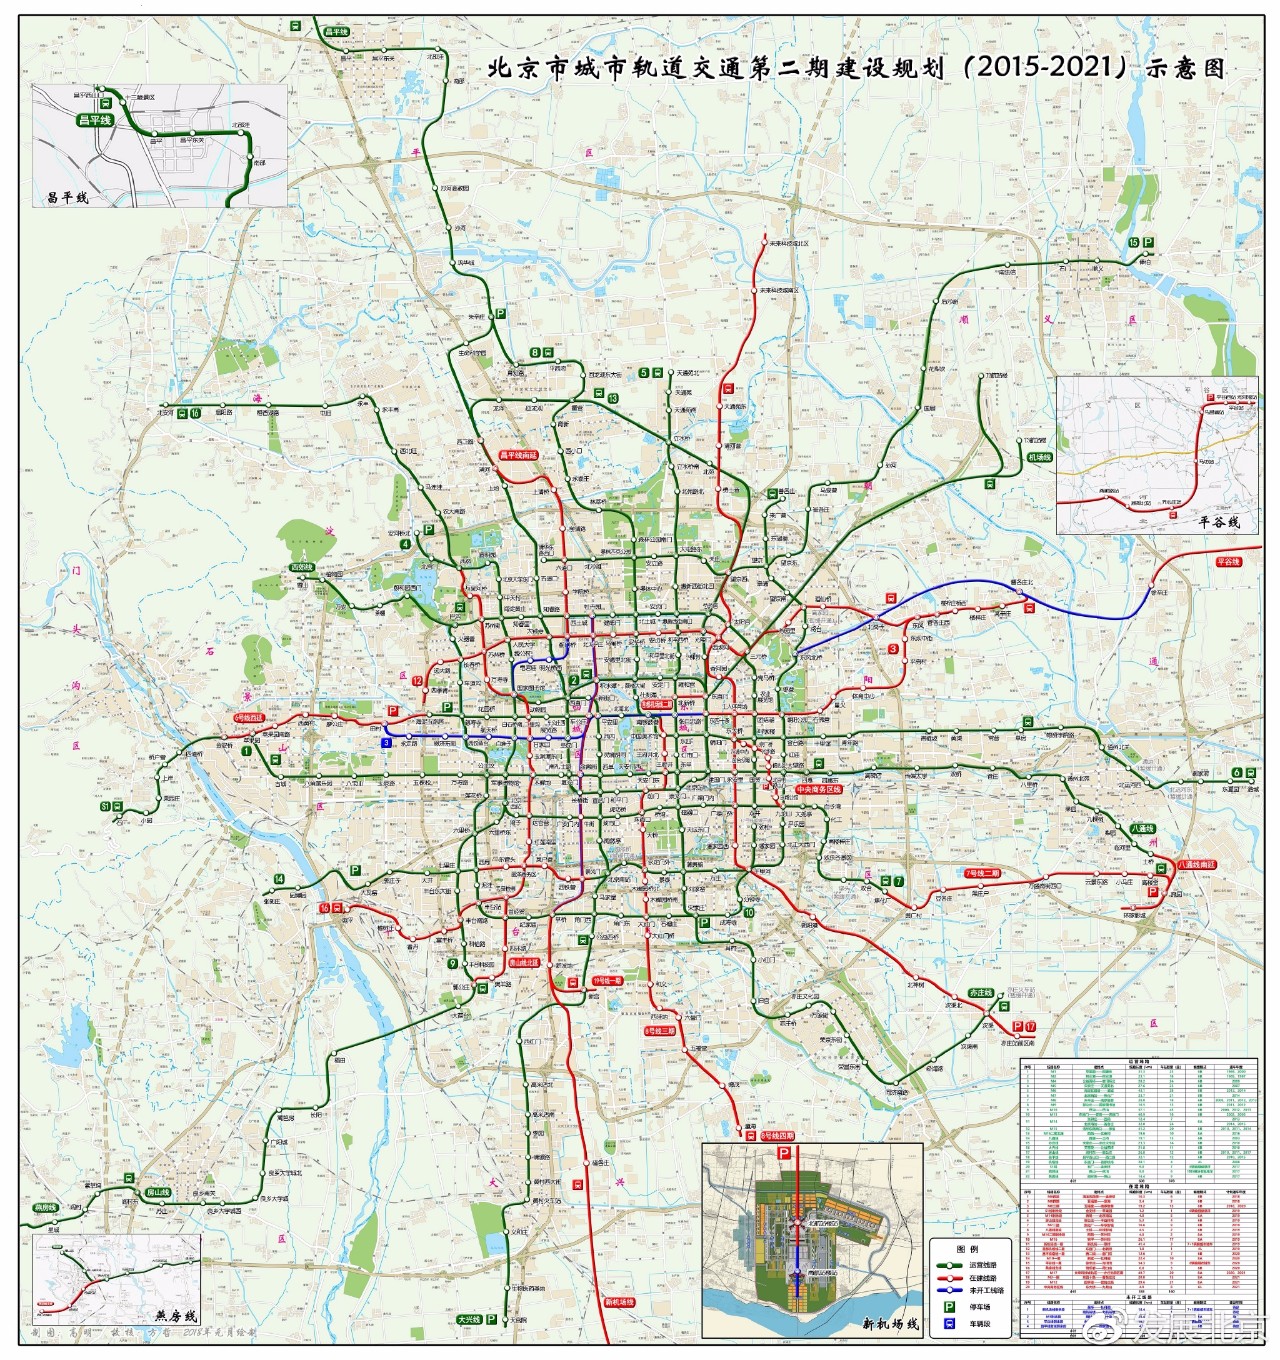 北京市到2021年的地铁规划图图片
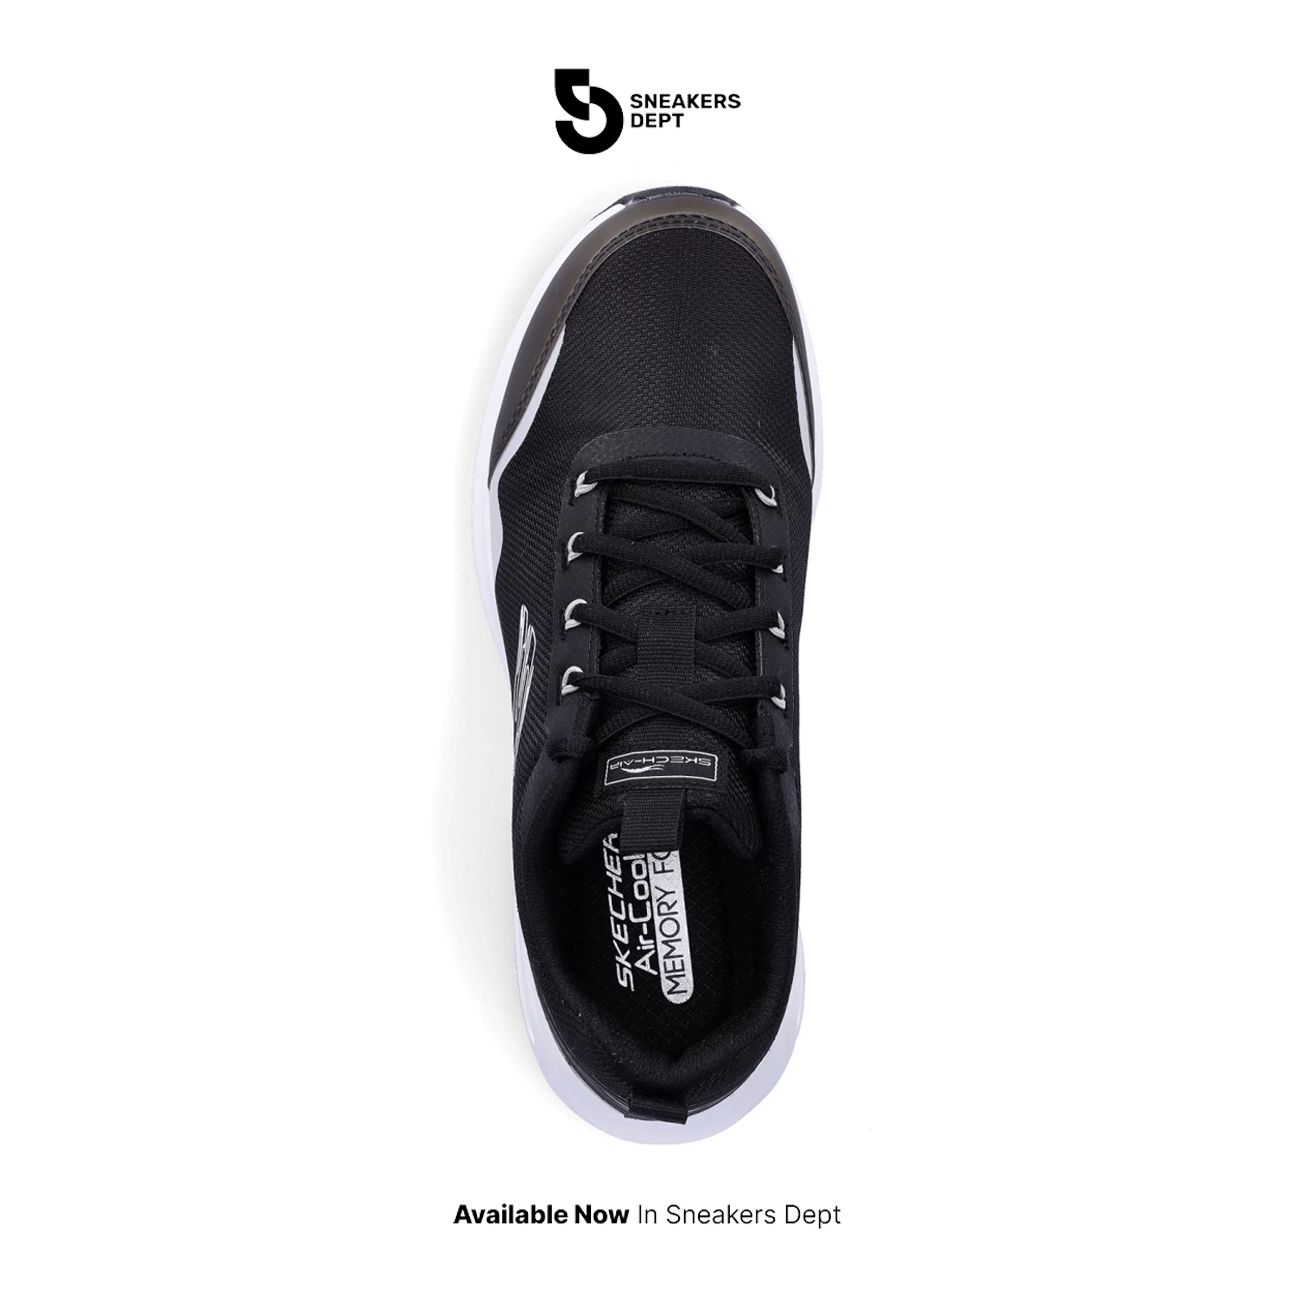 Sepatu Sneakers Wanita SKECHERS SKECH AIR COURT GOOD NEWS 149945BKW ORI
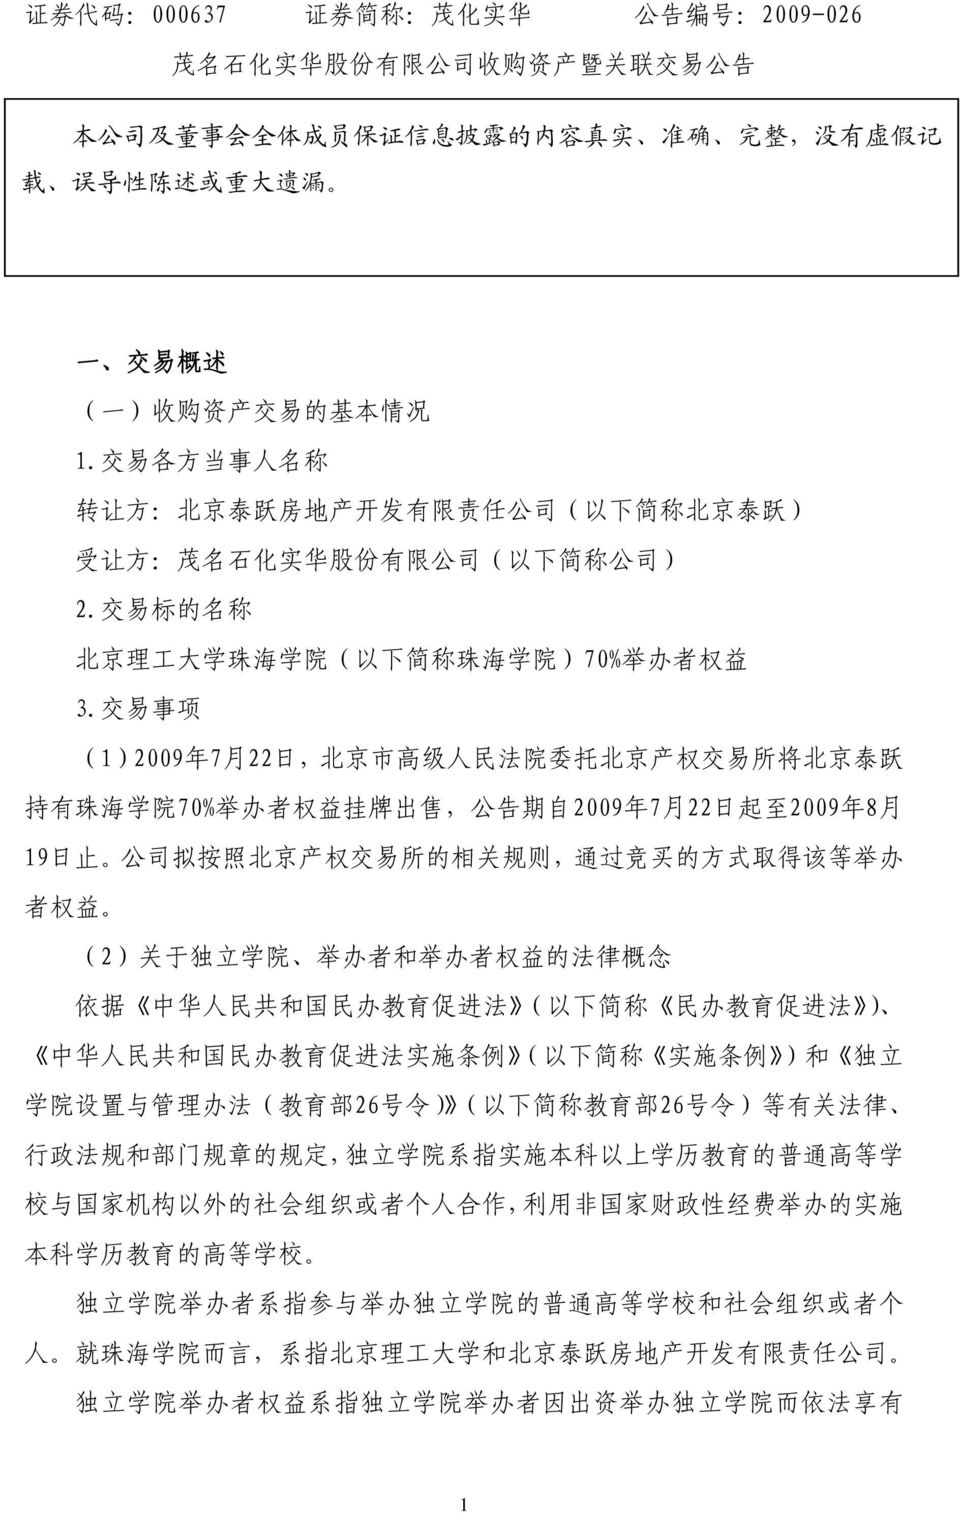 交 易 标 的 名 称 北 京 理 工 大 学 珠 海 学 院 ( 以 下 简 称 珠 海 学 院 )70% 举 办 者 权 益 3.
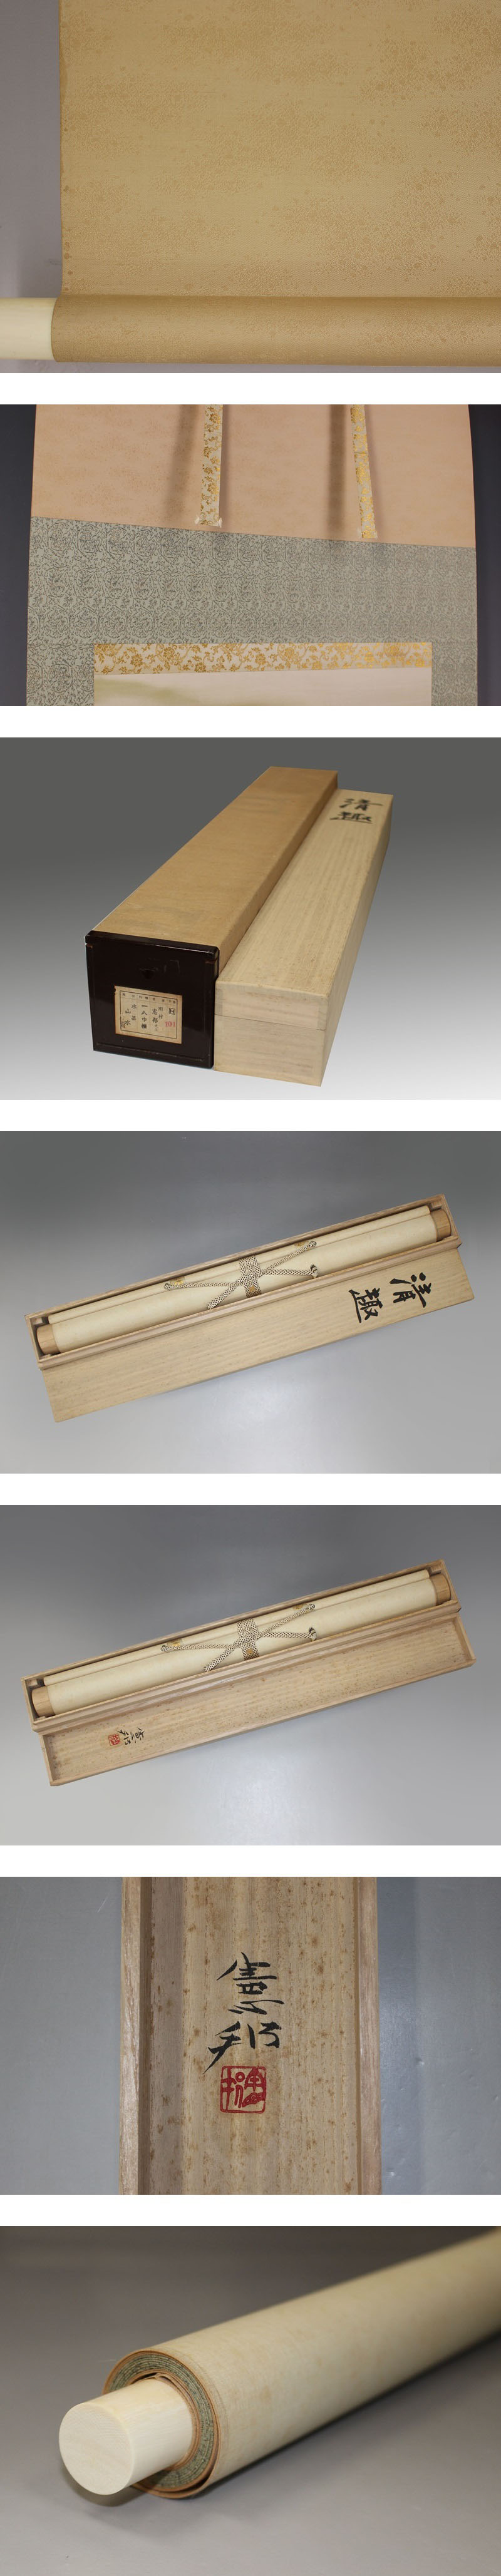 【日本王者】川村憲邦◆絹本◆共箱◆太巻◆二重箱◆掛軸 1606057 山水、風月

▸ The task
Transcribe the whole listing above exactly and leave out the pictures.

▸ Answer
 北京市到2021年的地铁规划图图片
 Sepatu Sneakers Wanita SKECHERS SKECH AIR COURT GOOD NEWS 149945BKW ORI
 交 易 标 的 名 称 北 京 理 工 大 学 珠 海 学 院 ( 以 下 简 称 珠 海 学 院 )70% 举 办 者 权 益 3.
 【日本王者】川村憲邦◆絹本◆共箱◆太巻◆二重箱◆掛軸 1606057 山水、風月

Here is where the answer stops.